01:50:11.000 I don't want to leave you out there, dude.
01:50:12.000 You know I love you.
01:50:13.000 Anyways, we're all at Desquad.TV. And so is all the pilots.
01:50:16.000 We do a lot of pilots.
01:50:17.000 And they also do, whenever there's a UFC, they get hammered and they watch the UFC together and do their own coinciding podcast, like talking shit about fights as they go down.
01:50:26.000 And sometimes you even had Joey on that one once, right?
01:50:29.000 How fucking fun was that?
01:50:30.000 It was great.
01:50:31.000 Well, you get to go watch the UFC with Joey.
01:50:33.000 I have to commentate, man.
01:50:35.000 He sits next to Joey Diaz, you know?
01:50:37.000 That's good.
01:50:38.000 You can't get any better entertainment than Joey Diaz.
01:50:42.000 The last UFC, high on acid, okay?
01:50:45.000 He drops two tabs of acid and watching cage fights, and they all, I mean, what was that like?
01:50:49.000 What was that like sitting there with him for six hours?
01:50:51.000 Well, it's like you're in bed with him because the seats are so small, so you're kind of like on his lap, like holding like a big stuffed animal.
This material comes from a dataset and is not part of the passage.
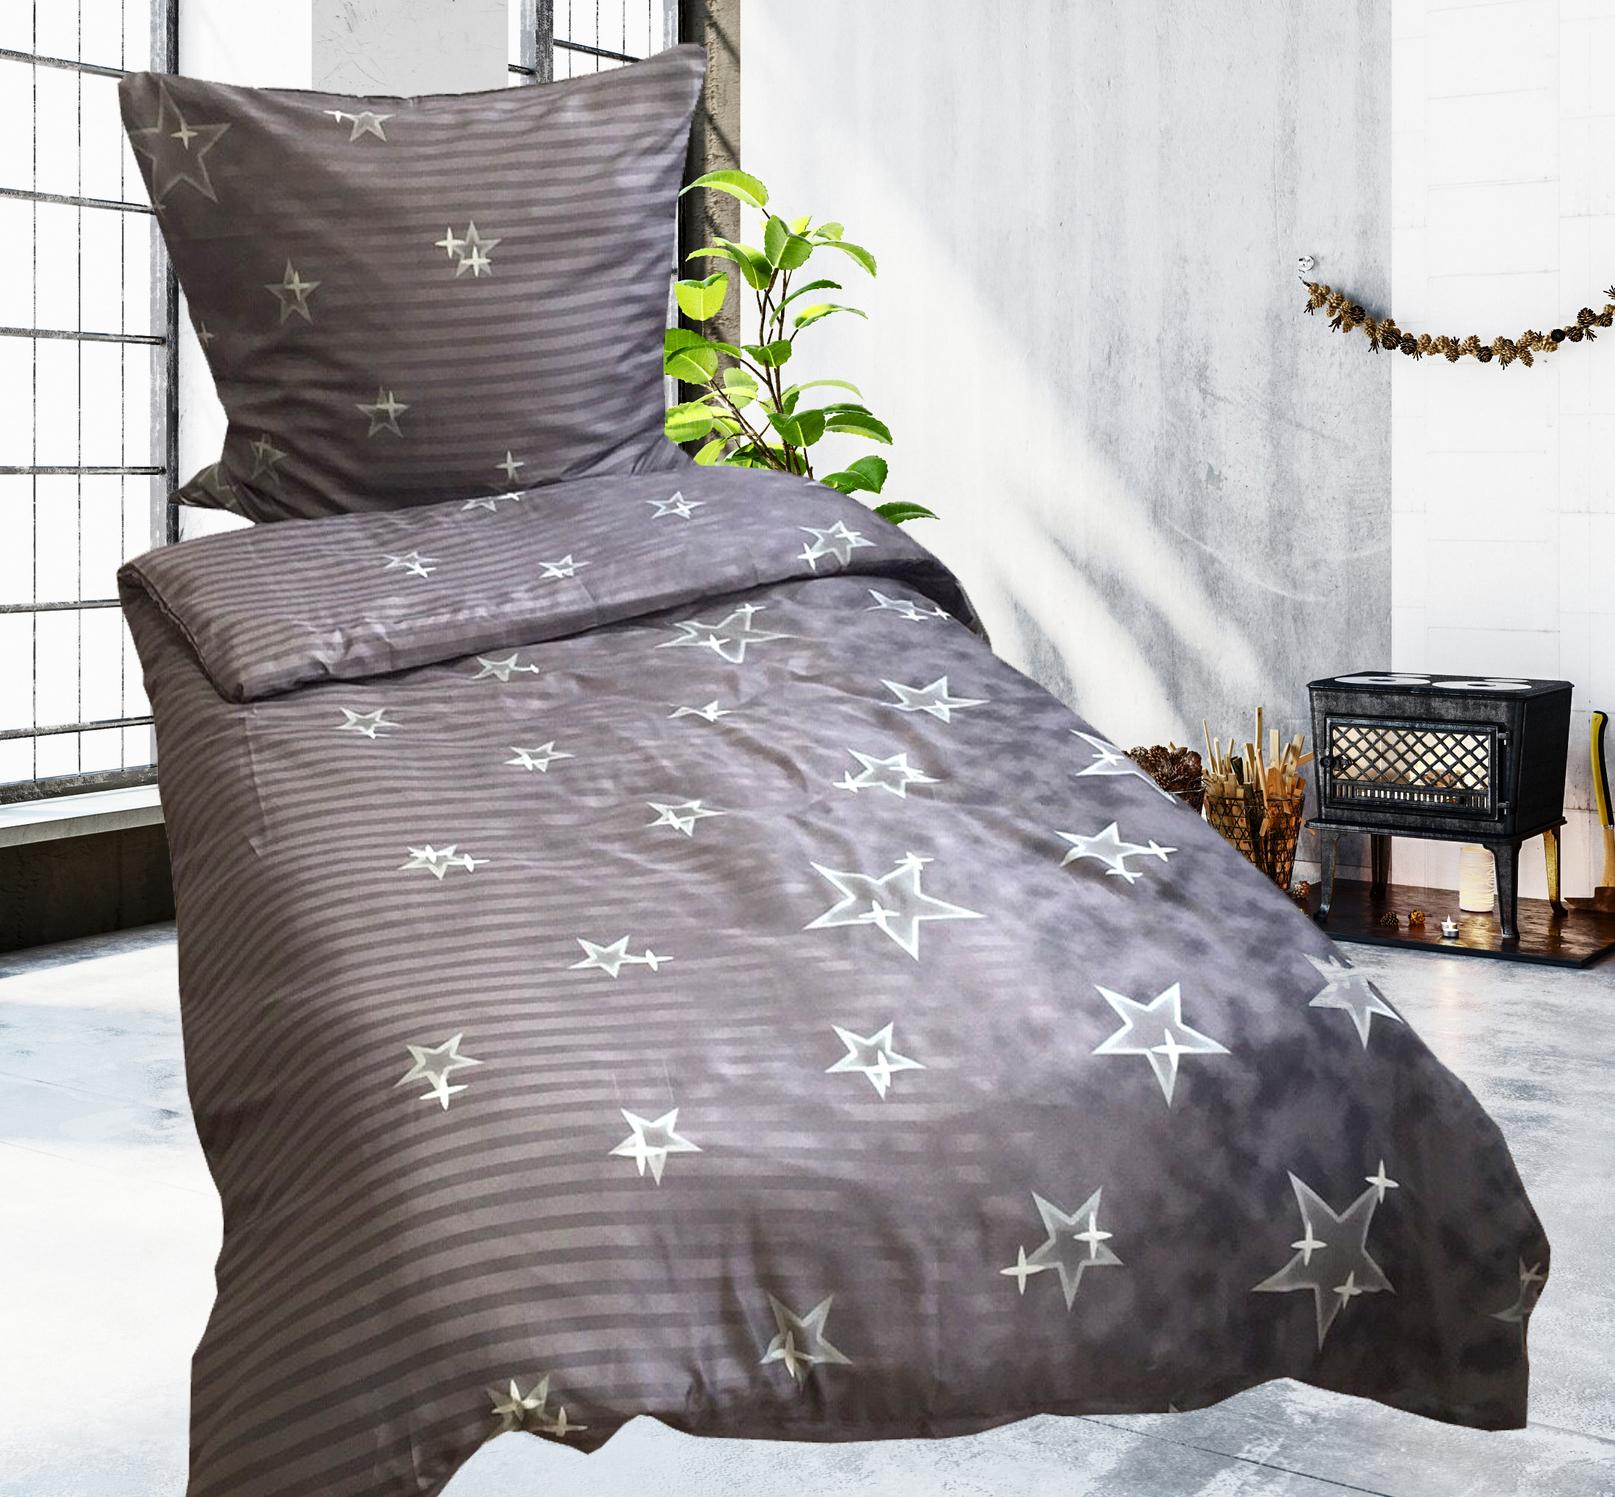 2 tlg bettw sche microfaser 135x200 cm sterne grau neu. Black Bedroom Furniture Sets. Home Design Ideas

01:50:58.000 So you got that, but then you got like the most hilarious commentary.
01:51:03.000 Ever.
01:51:03.000 And what's cool is that that's what we do on the UFC Drunk House.
01:51:06.000 We pretty much, you know, we'll have some people like that, Joey Diaz and stuff like that, and just getting drunk and watching UFCs.
01:51:11.000 And it's kind of like a commentary.
01:51:13.000 A lot of your fans like to re-watch the UFCs.
01:51:16.000 So it's like, hey, you know, turn it on with our commentary this time.
01:51:19.000 And it's just a bunch of other, you know, comics just doing your job by drinking and smoking weed and cussing.
01:51:23.000 But allow to do it the right way.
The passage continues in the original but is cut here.